Epsilon Archive for Student Projects

Abstract

Orthopaedic disorders are the most common reason for unplanned rest in the performing horse
population. Locomotor disorders which slowly build up to clear lameness might be avoidable with
easy access objective motion measurement devices. An early detection of a disorder affecting the
locomotor apparatus will lead to an early diagnosis and directed treatment to avoid chronic, irreversible damages to the tissues, often caused by long drawn inflammation.
During the last 30 years, biomechanical researchers have established and refined sensitive objective
measures of lameness. Decreased loading of a painful front- or hind limb leads to a vertical motion
asymmetry of the head or pelvis respectively at the trot. These asymmetries can be detected with
high precision and accuracy, but the relevance of small amplitude asymmetries is not fully elucidated
and clear thresholds for where an asymmetry is likely to reflect a painful condition are lacking.
Several studies have investigated the prevalence of motion asymmetries in different horse
populations, revealing that asymmetries above clinically used thresholds are very common, ranging
from 73-90% in mature riding horses, youngsters, endurance horses, standardbred trotters and polo
horses. These high prevalence numbers and the sensitive measurement devices available have raised
the question whether these asymmetries are caused by pain or if it is a question of biological variation of the gait pattern. In the search for the relevance of mild and moderate motion asymmetries,
the relation to a high performing locomotor system is of particular interest. Therefore, studying
horses that are judges to be “fit to compete” for high level events could provide insight.

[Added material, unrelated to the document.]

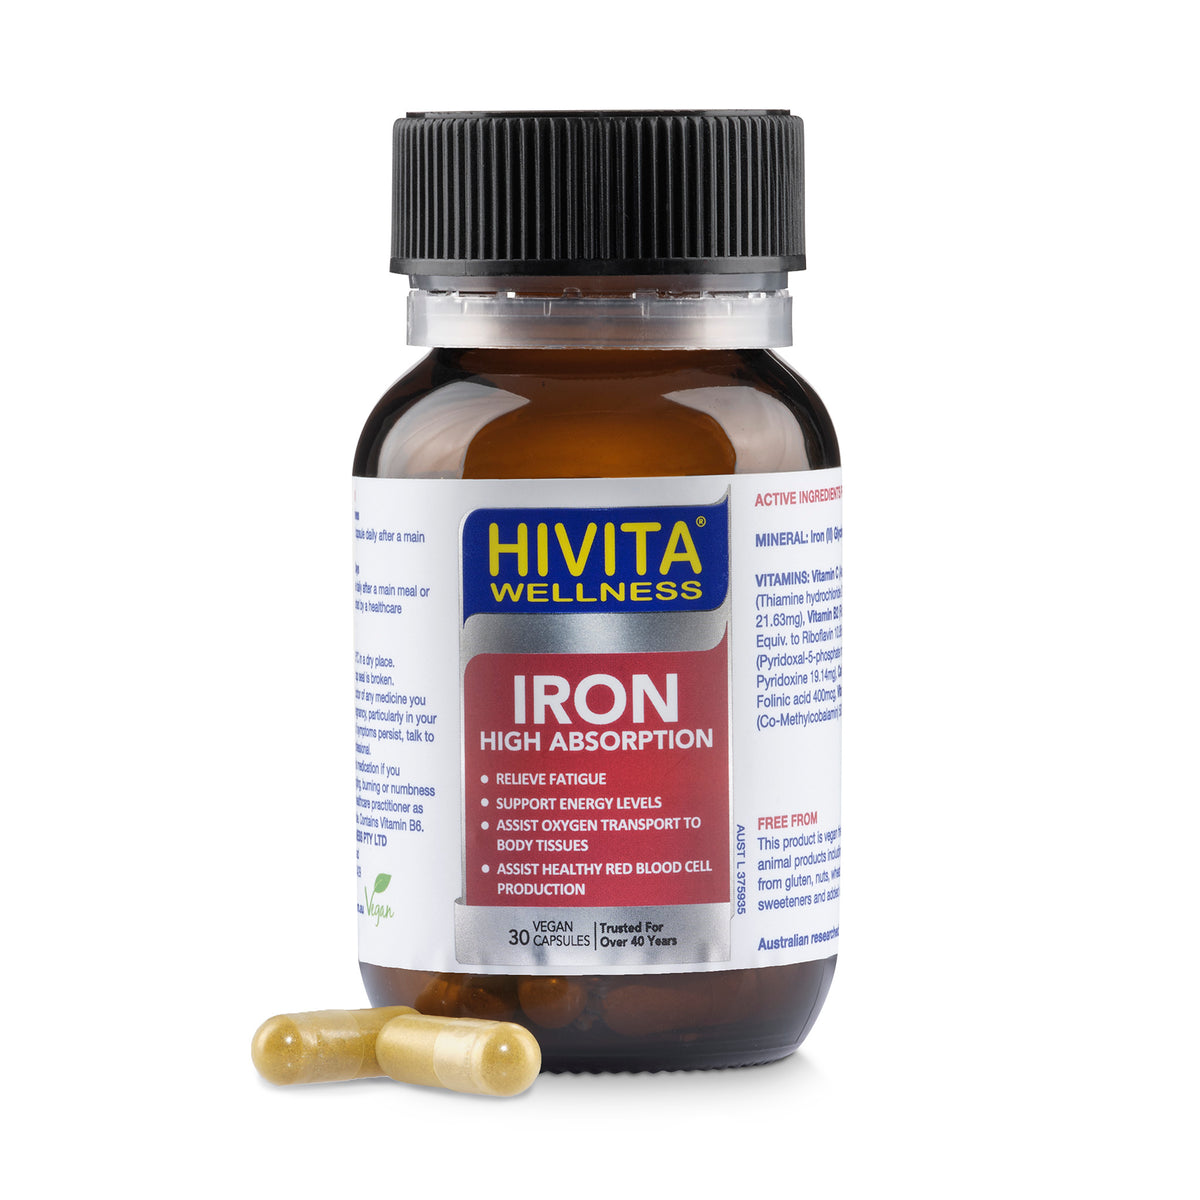 HIVITA Wellness Iron High Absorption 30 capsules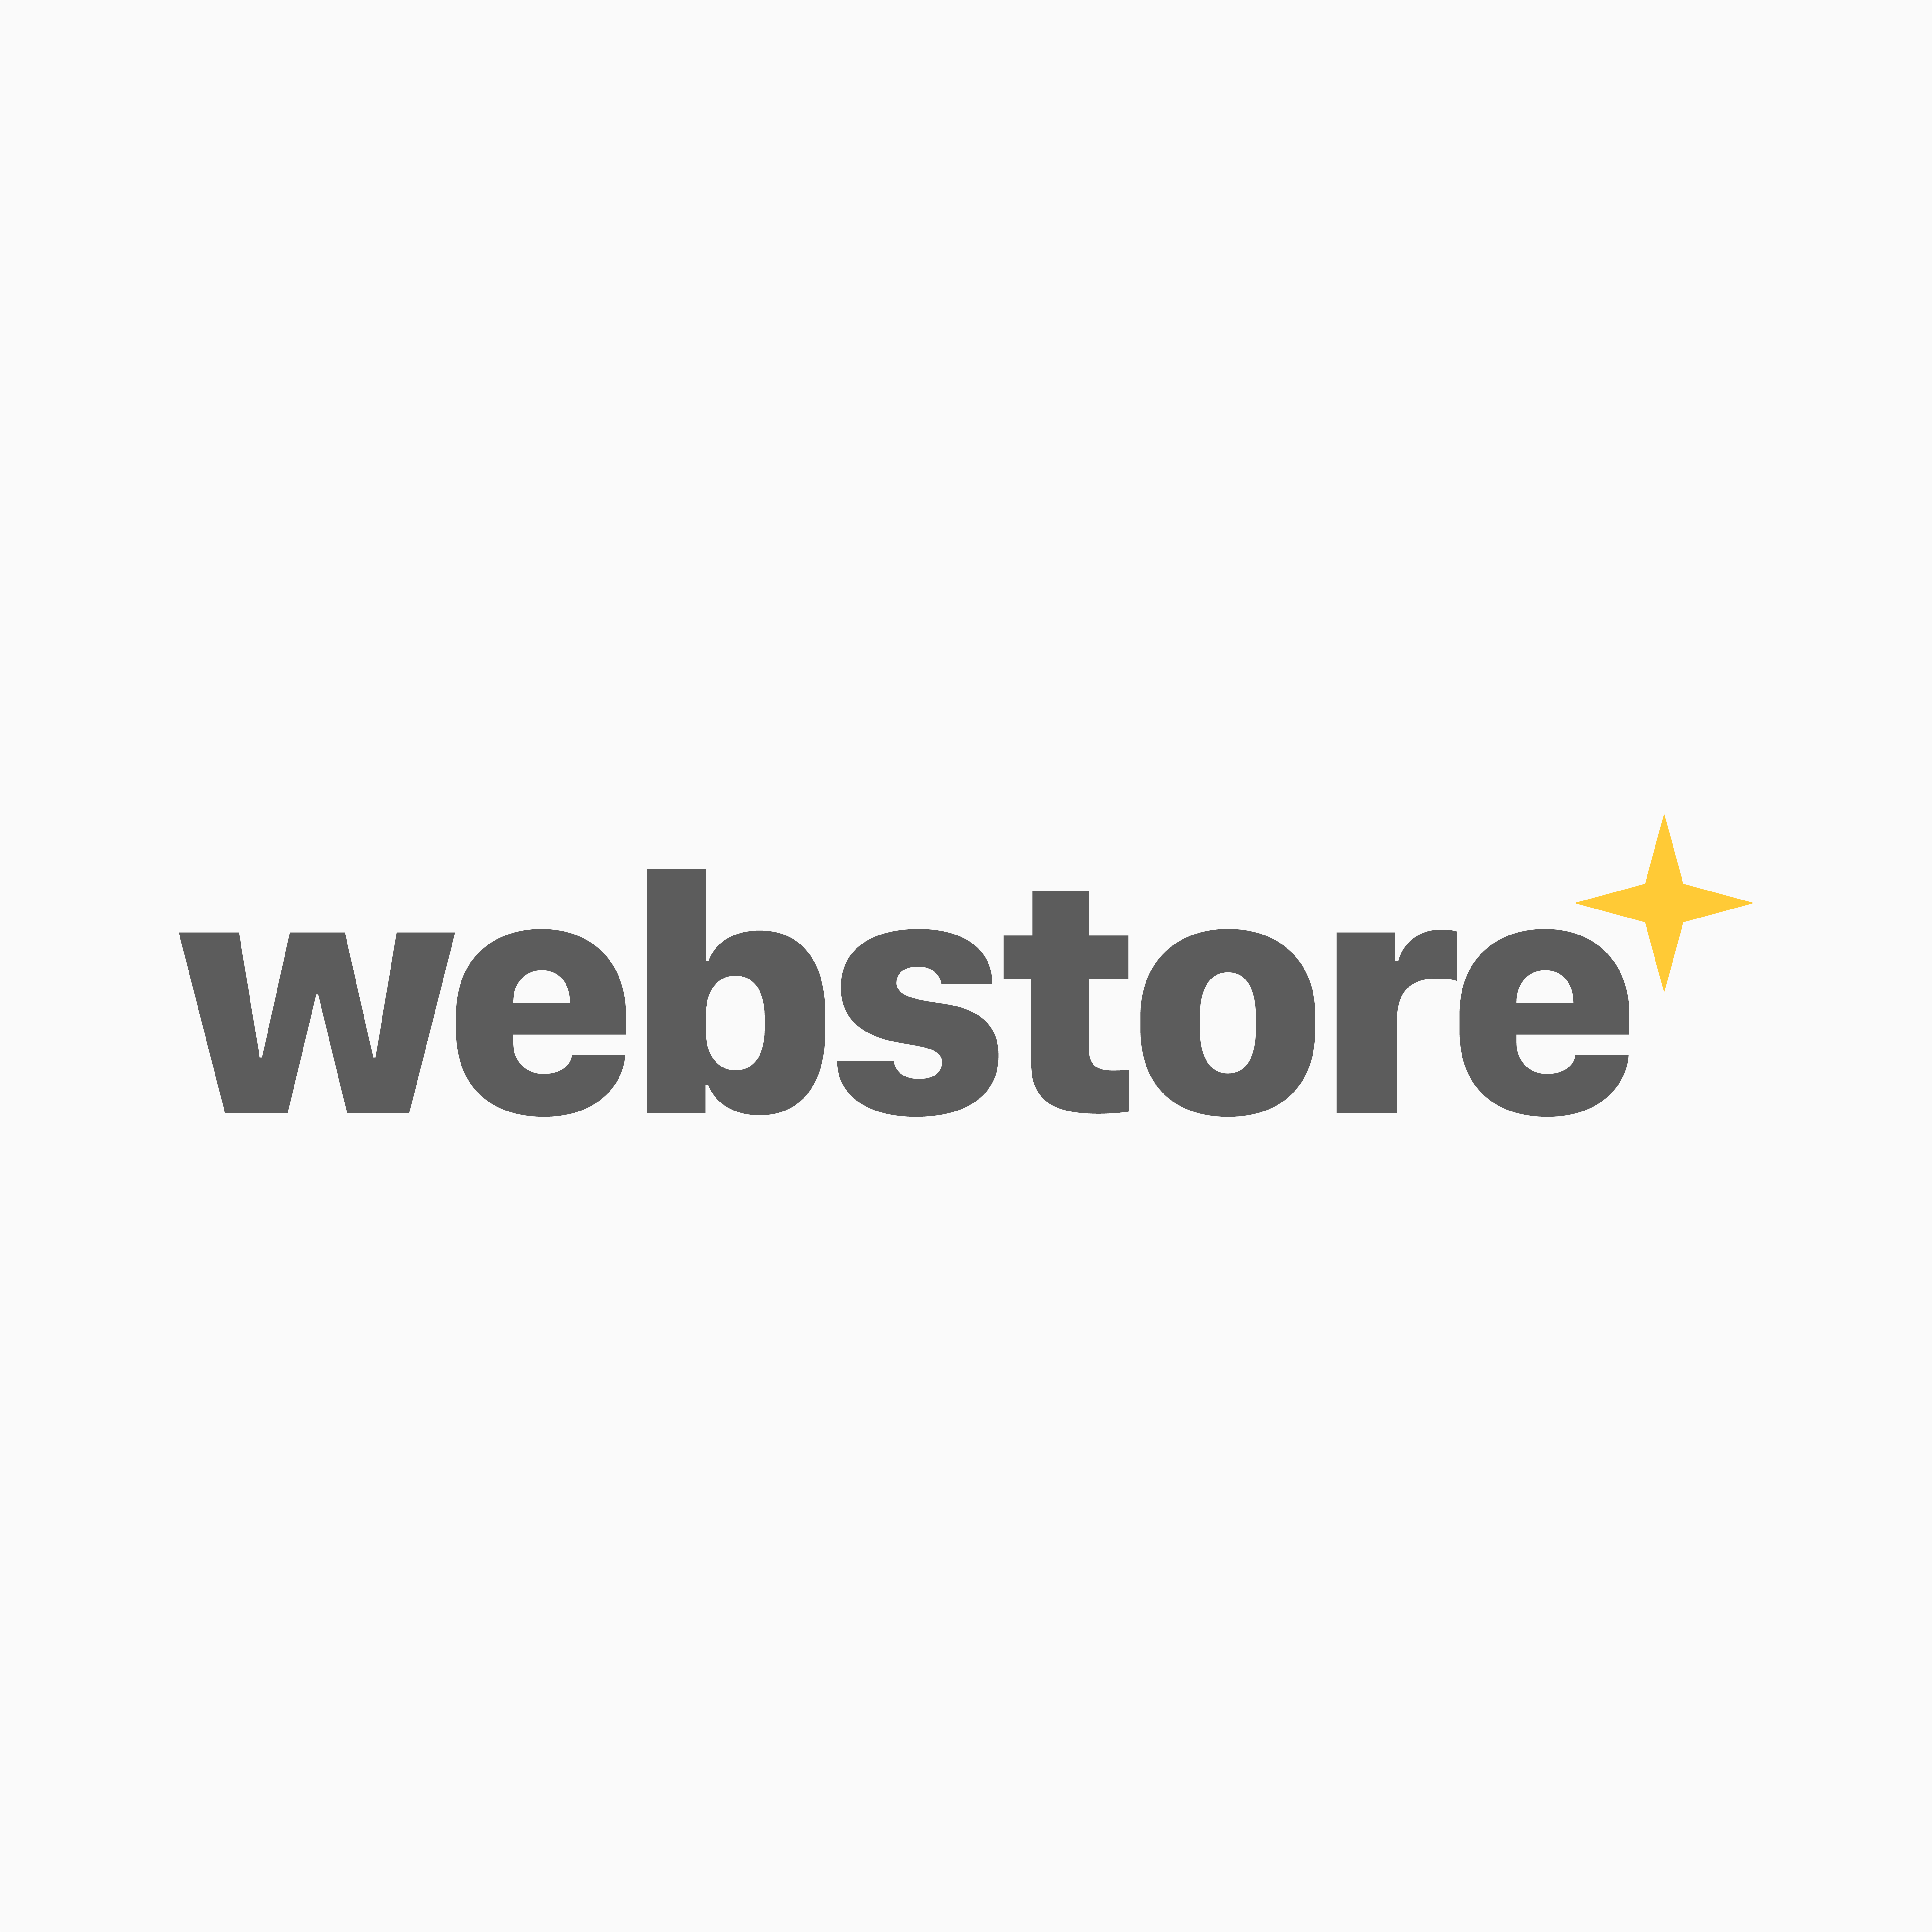 Anamo Webstore wordmark (logotype)

The aim of this study was to describe vertical movement symmetry of head and pelvis in eventing
horses as they trotted up during the horse inspection before and during an international FEI long
format eventing competition. The asymmetry was described for horses that passed and did not pass
the inspection. We investigated how the horses responded to the strenuous cross-country section of
the competition by studying if the symmetry changed from the first to the second horse inspection
(before and after cross country). In addition to the description of asymmetries on a group level, we
also evaluated the usability of the mobile phone gait analysis tool, Sleip AI, which was used during
the study.
In total, 58 horses were recorded using a computer vision tool for gait analysis at the horse
inspections at one FEI long format eventing competition. At the first horse inspection, 36% of the
horses showed asymmetry of mild type or more, on one leg or more. In spite of the high exercise
load during the cross country, 52% of the 44 horses presented at the second horse inspection (after
the cross country) improved their total asymmetry, 36% had a worsening/increased total asymmetry
and 11% remained unchanged in their total asymmetry level. No significant difference on a population level was found (p =0.77) using a paired non-parametric test (Wilcoxon signed rank test),
when looking at all the groups, first compared to the second horse inspection. The level of measured
movement asymmetry using the gait analysis app was higher in the horses which were given a nonpass (sent to holding) compared to the ones that were subjectively judged to be fit to compete and
were given a “pass”, but this was not statistically tested due to the low number of horses sent to
holding. Horses that got a straight away “pass” at the first horse inspection (n =53) had a median
asymmetry score of 0.95 for total asymmetry. The runs that generated a “holding” decision (n =5),
had the median score of 2.1 for total asymmetry at the first horse inspection. At the second horse inspection the “pass” (n =42) had a median score of 1.05 and the “holding” (n =2) a median score
of 1.75. Some horses with high degree of asymmetry slipped through the “pass”. Objective gait
analysis can be useful in order to pick these horses out for a second control. We observed that many
of the outliers with a high degree of asymmetry were white/grey-coloured horses. When looking at
the total asymmetry and the outliers in the “pass”-group at the first and second horse inspection 3/5
and 3/3 horses were white coloured. This might indicate white horses are visually more difficult to
assess. A mean of 11.8 trot strides were recorded for the front limbs during the first horse inspection
and 7.4 trot strides for the hind limbs. During the second horse inspection a mean of 12.2 trot strides
were measured for the front limbs and 8.5 for the hind limbs. In order to render a more reliable
interpretation of the gait analysis, more trot steps should be recorded. This could be made possible
if the trot up was longer.
To conclude, around one third of the eventers studied showed mild or more accentuated motion
asymmetry at the day of the competition and surprisingly, the majority of this group of eventers
improved their total motion asymmetry after the cross country. The mobile phone gait analysis
application seemed to be a useful decision-tool for gait screening, but the horses should be trotted
more strides in order to improve the reliability of the motion analysis.